SPARK SQL: Implement AND condition inside a CASE statement

I am aware of how to implement a simple CASE-WHEN-THEN clause in SPARK SQL using Scala. I am using Version 1.6.2. But, I need to specify AND condition on multiple columns inside the CASE-WHEN clause. How to achieve this in SPARK using Scala ?
Thanks in advance for your time and help!
Here's the SQL query that I have:
select sd.standardizationId,
case when sd.numberOfShares = 0 and
isnull(sd.derivatives,0) = 0 and
sd.holdingTypeId not in (3,10)
then
8
else
holdingTypeId
end
as holdingTypeId
from sd;
First read table as dataframe
val table = sqlContext.table("sd")
Then select with expression. There align syntaxt according to your database.

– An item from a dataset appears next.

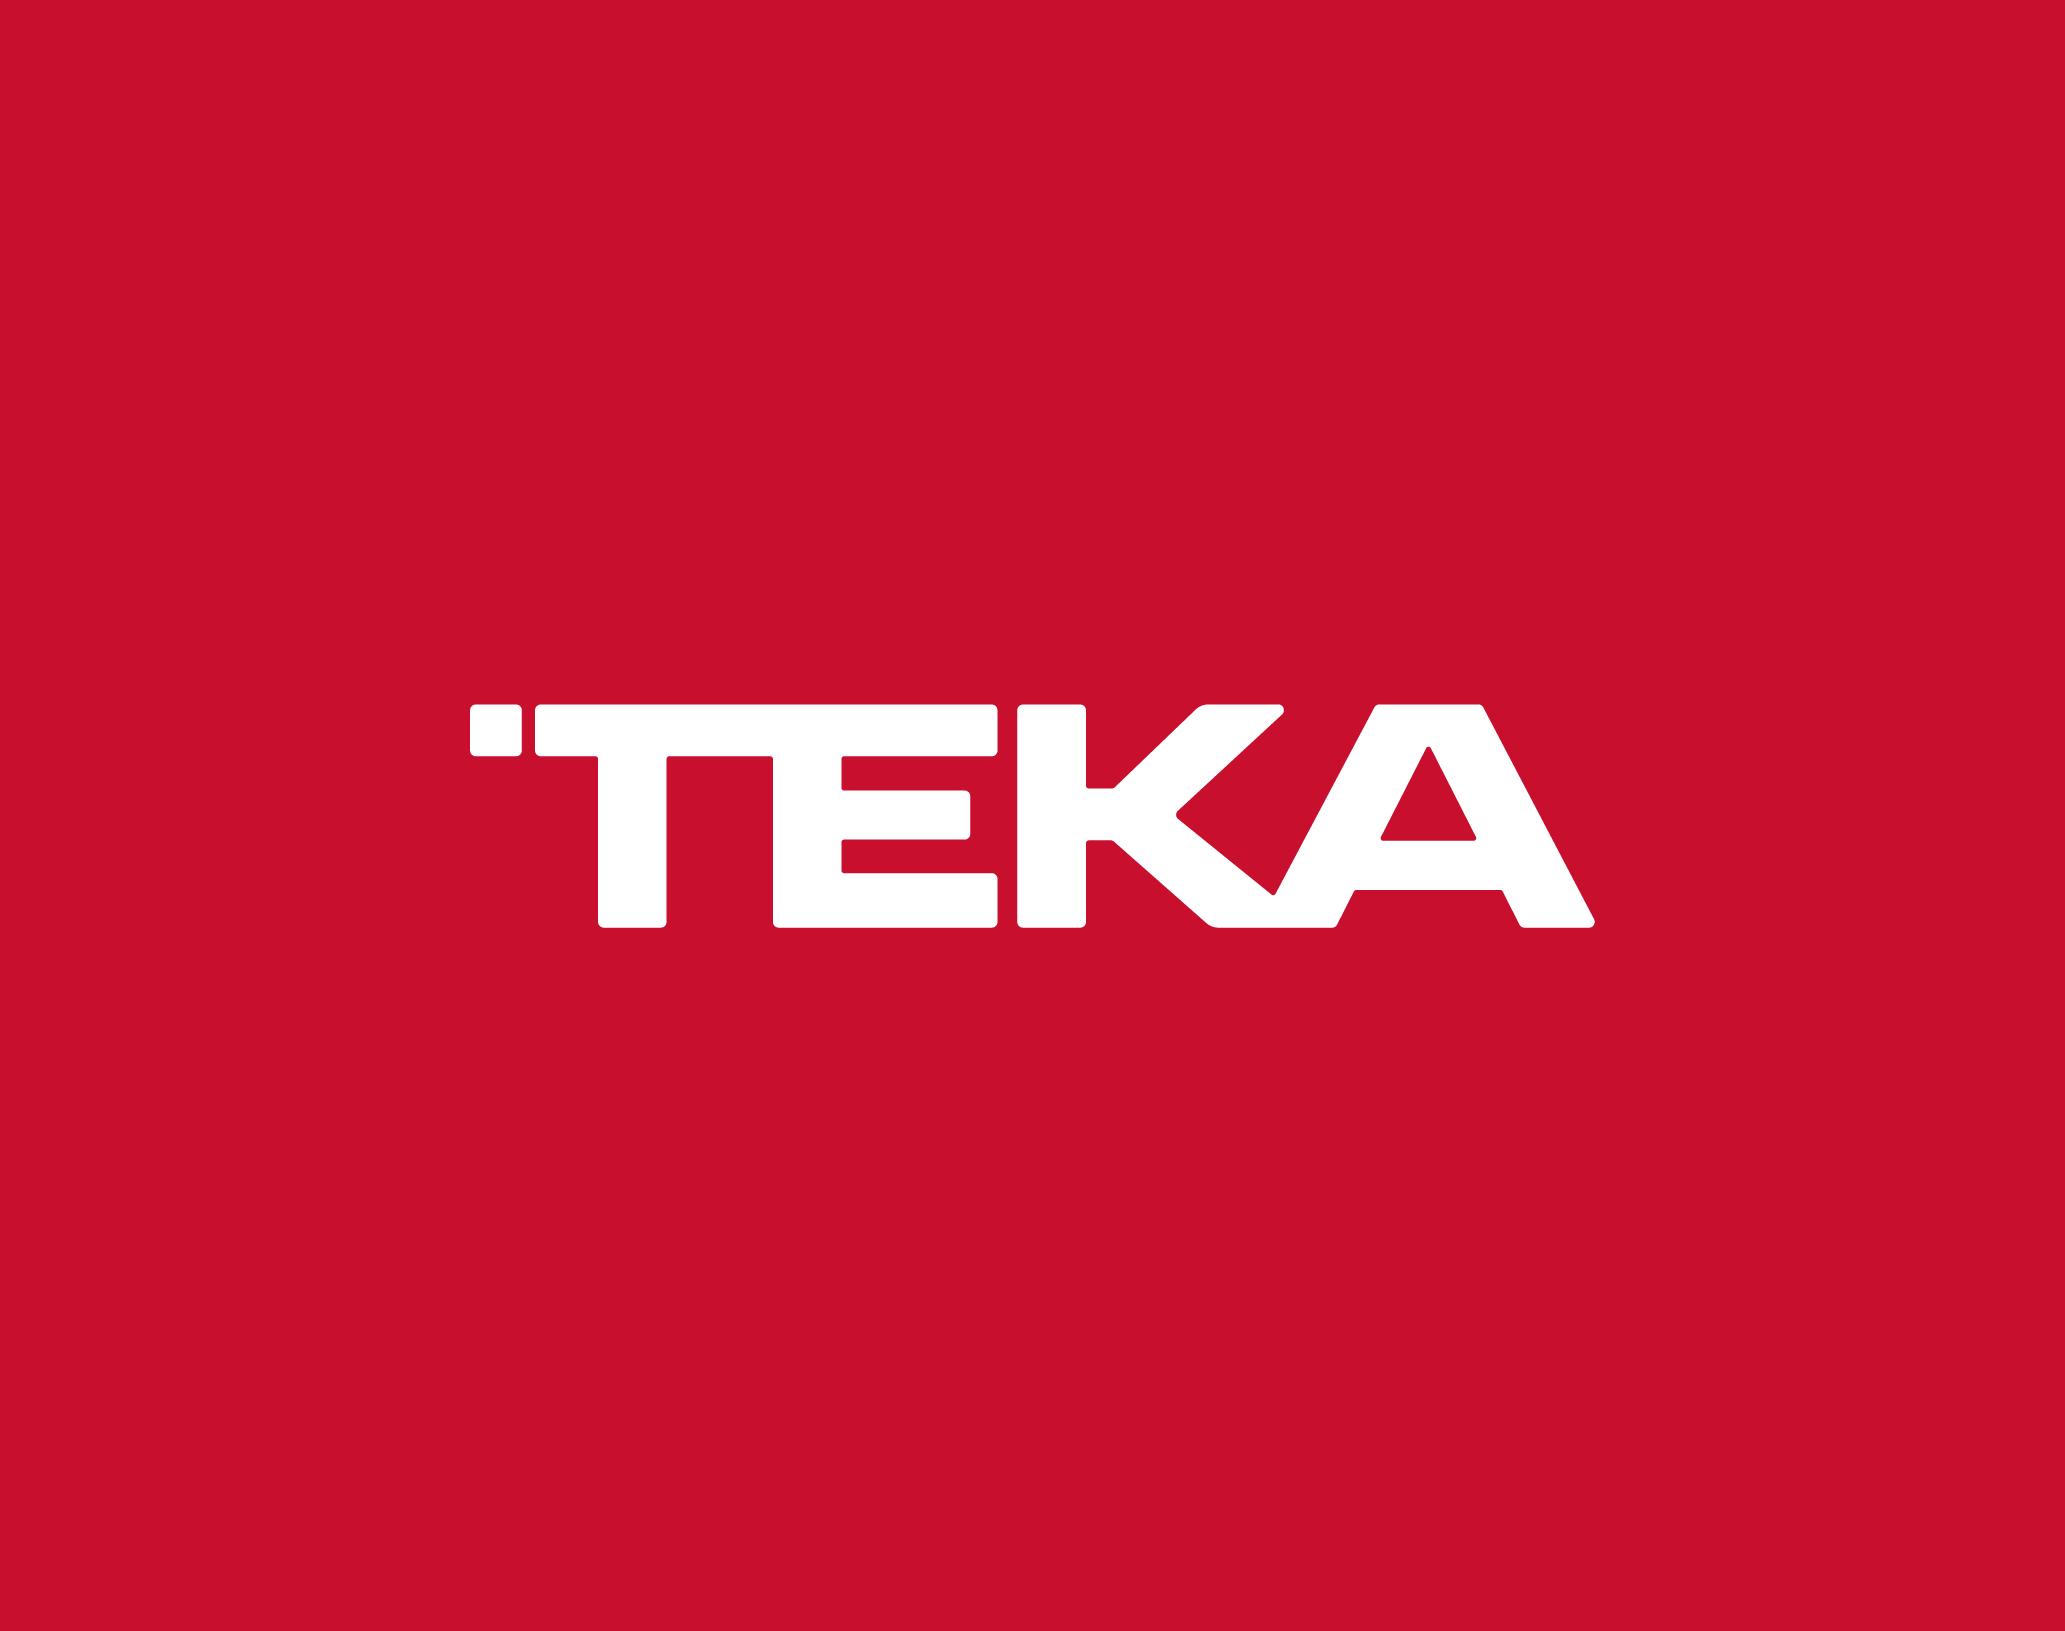 Teka new logo 8a695145 6121 4923 9d86 0e77b53c5409

val result = table.selectExpr("standardizationId","case when numberOfShares = 0 and isnull(derivatives,0) = 0 and holdingTypeId not in (3,10) then 8 else holdingTypeId end as holdingTypeId")
And show result
result.show
An alternative option, if it's wanted to avoid using the full string expression, is the following:
import org.apache.spark.sql.Column
import org.apache.spark.sql.functions._
val sd = sqlContext.table("sd")
val conditionedColumn: Column = when(
(sd("numberOfShares") === 0) and
(coalesce(sd("derivatives"), lit(0)) === 0) and
(!sd("holdingTypeId").isin(Seq(3,10): _*)), 8
).otherwise(sd("holdingTypeId")).as("holdingTypeId")
val result = sd.select(sd("standardizationId"), conditionedColumn)